2023. Un cuidado similar se nota en otro de los dirigentes que no solo tiene en vista estos comicios sino los de dentro de dos años, Facundo Manes. También él cree que uno de los grandes errores de Macri fue encerrar a su gobierno y profundizar la grieta.

Tampoco es extraño que haya gobernadores que se mantengan al margen de la guerra política y mediática de esta campaña. No solo porque algunos tienen expectativas presidenciales, sino porque –siguiendo el teorema de Baglini– ya ejercen responsabilidades ejecutivas: a ninguno de ellos le sirve la tierra arrasada.

Dentro del oficialismo nacional, Sergio Massa pretende ese rol de moderado con la misma expectativa de llegar a la presidencia dentro de dos años sin ser visto como representante de los sectores más extremos. Aceptando lo complejo que le será a cualquier oficialista ganar en 2023 si al Gobierno le va mal. En ese sentido, el mayor problema lo tiene Alberto Fernández.

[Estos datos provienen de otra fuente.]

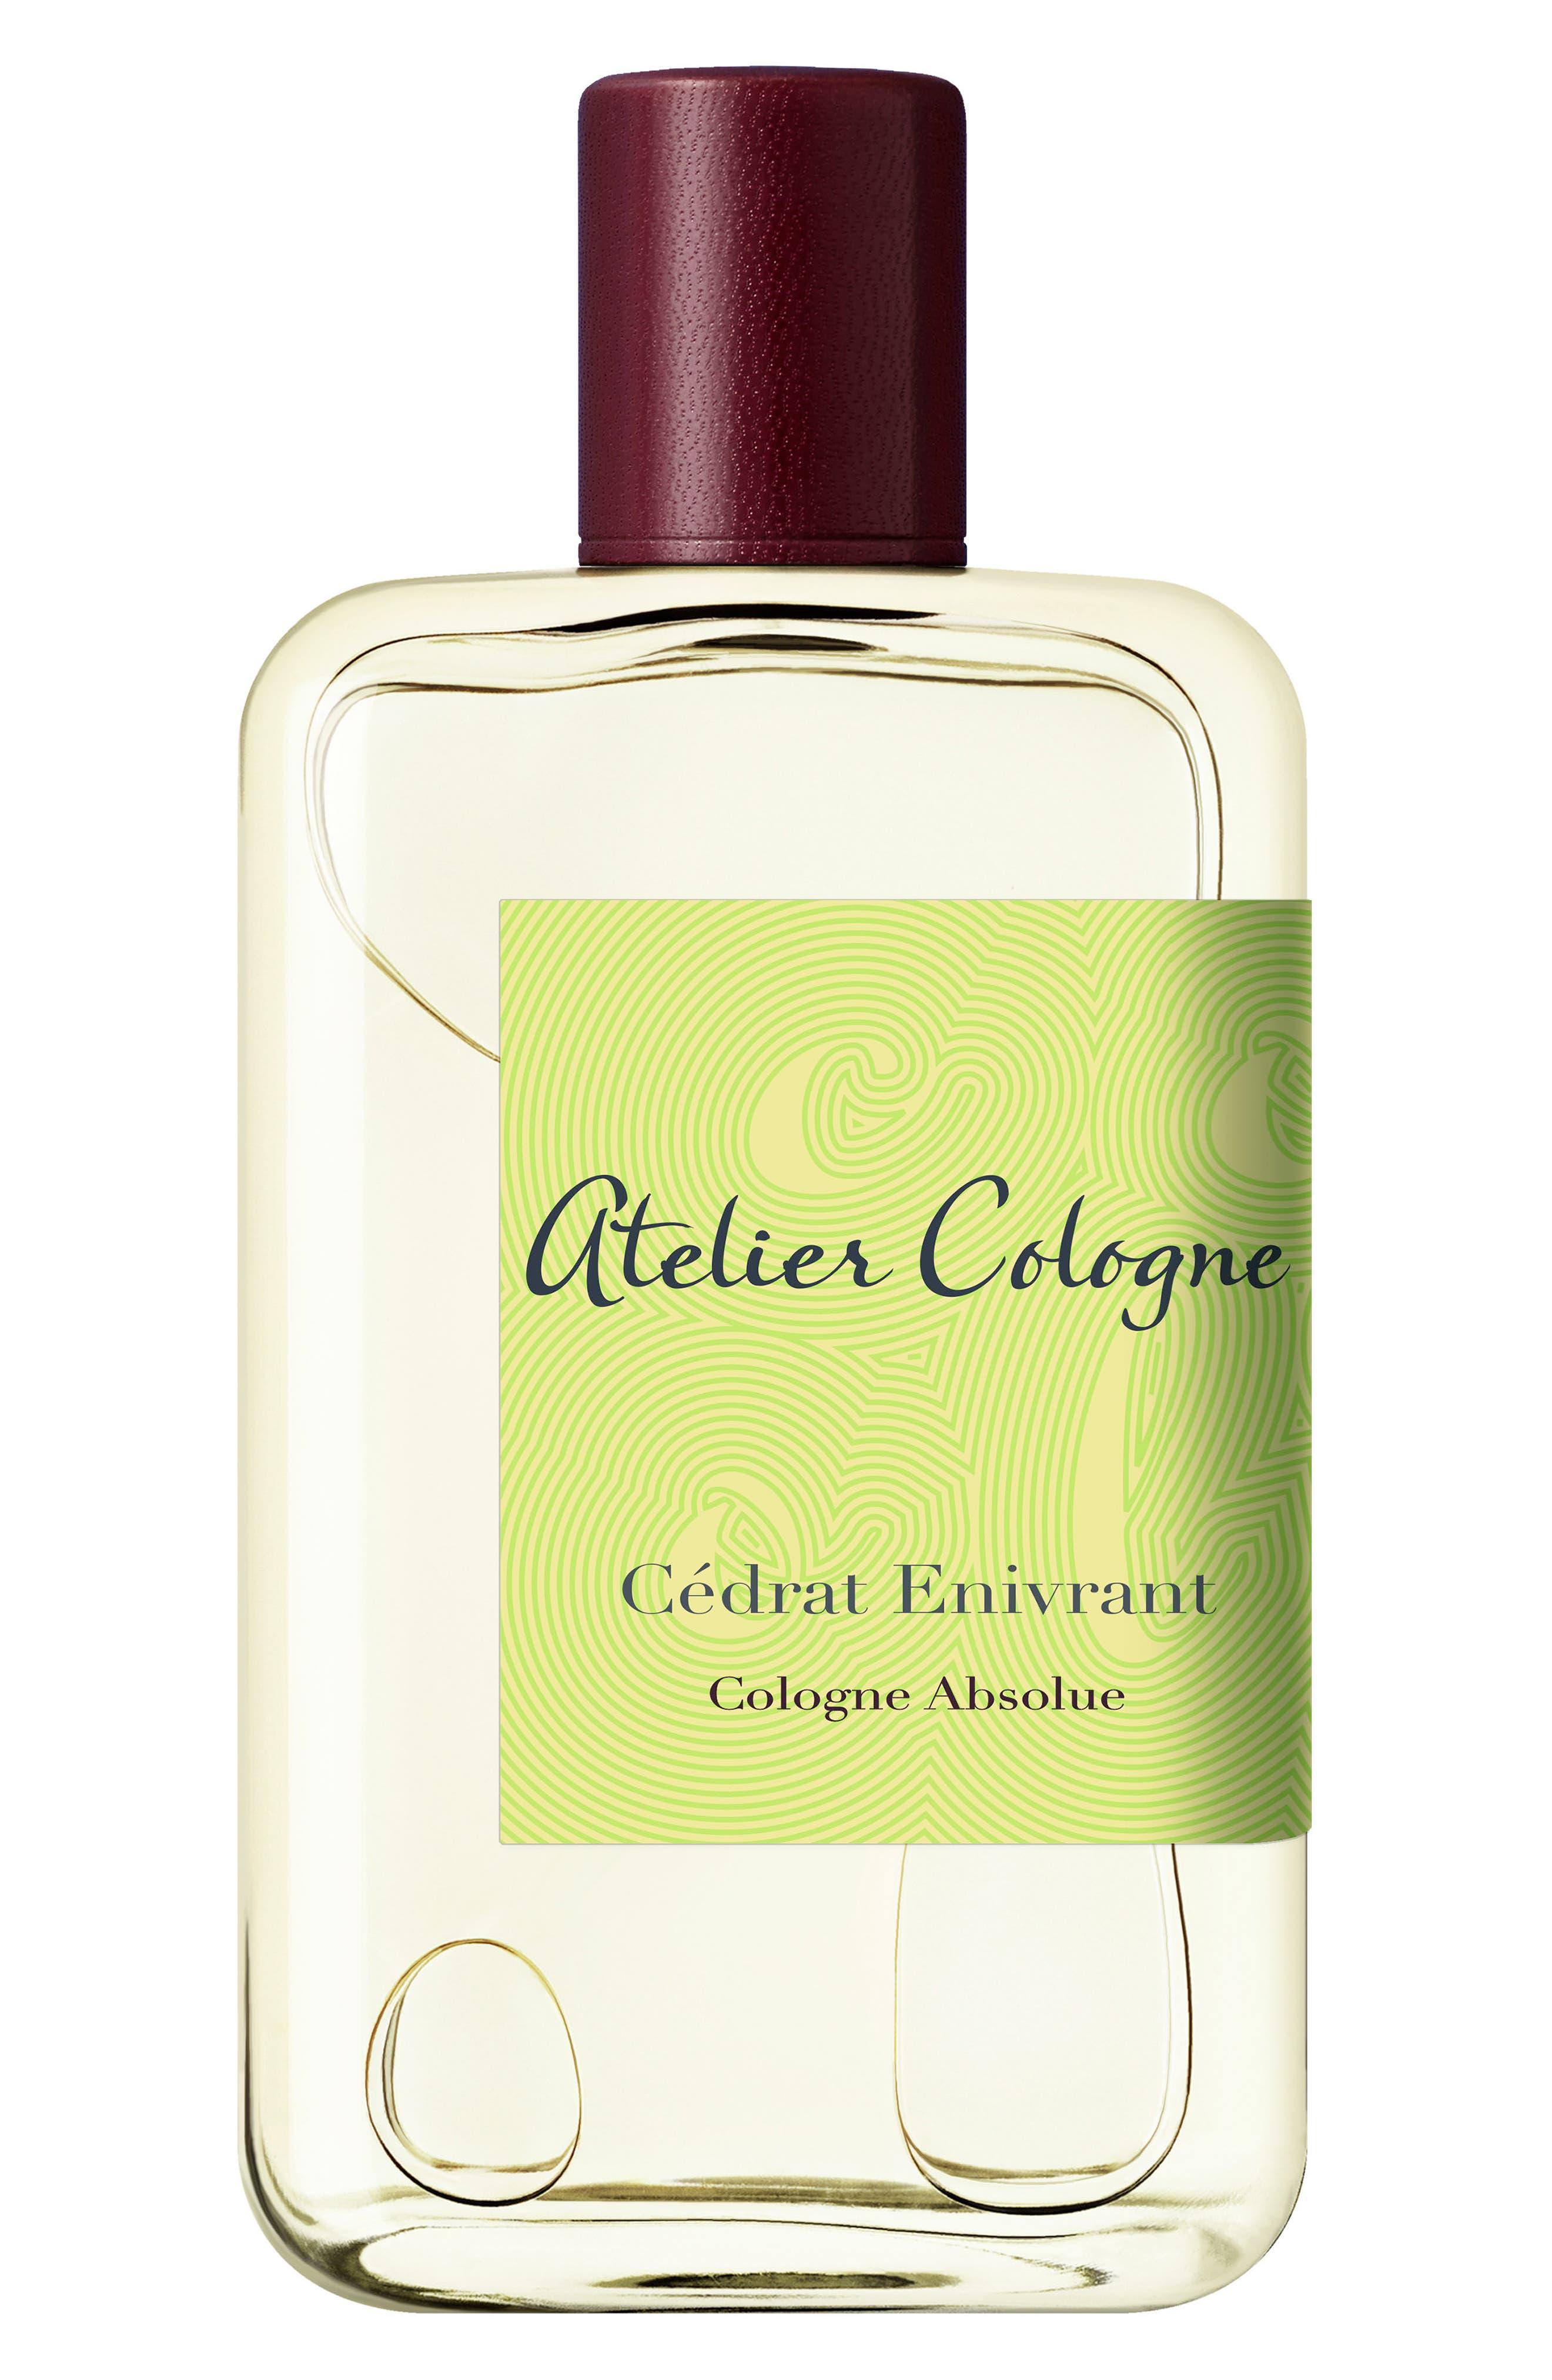 Atelier Cologne Cédrat Envirant Cologne Absolue

Su expectativa es mostrar que la incipiente recuperación económica concluirá dentro de dos años con índices de crecimiento que dejen al país mejor que como lo recibió en 2019, incluso habiendo atravesado la peor pandemia de la historia. Este es el mensaje que pidió empezar a transmitir a partir de esta semana.

Es decir, confrontar la caída del 4% del PBI que dejó la gestión Macri frente a un supuesto crecimiento del 6% que habría al final de sus cuatro años: -9,9% en 2020, +7% en 2021, +5% en 2022 y +4 en 2023, según las estimaciones extraoficiales de Guzmán (las proyecciones privadas también indican crecimiento en el cuatrienio, pero del 2%). Además, intentará hacer el mismo ejercicio de comparación con los índices de pobreza, inflación y endeudamiento del macrismo.

Lotería. Pero antes, el Presidente deberá atravesar los resultados de los próximos comicios. Esperando que la escandalosa revelación de la fiesta en Olivos solo repercuta en aquellos ciudadanos que igual no lo hubieran votado.

Son cálculos electoralistas, loterías políticas. Hoy Alberto Fernández parece apostar a la confrontación y a los gritos de campaña como forma de responder a las críticas y de mantener el poder.

Quizá lo logre. Pero retomando la misma estrategia agrietada de la última década lo único que conseguirá será seguir presidiendo un país de morondanga.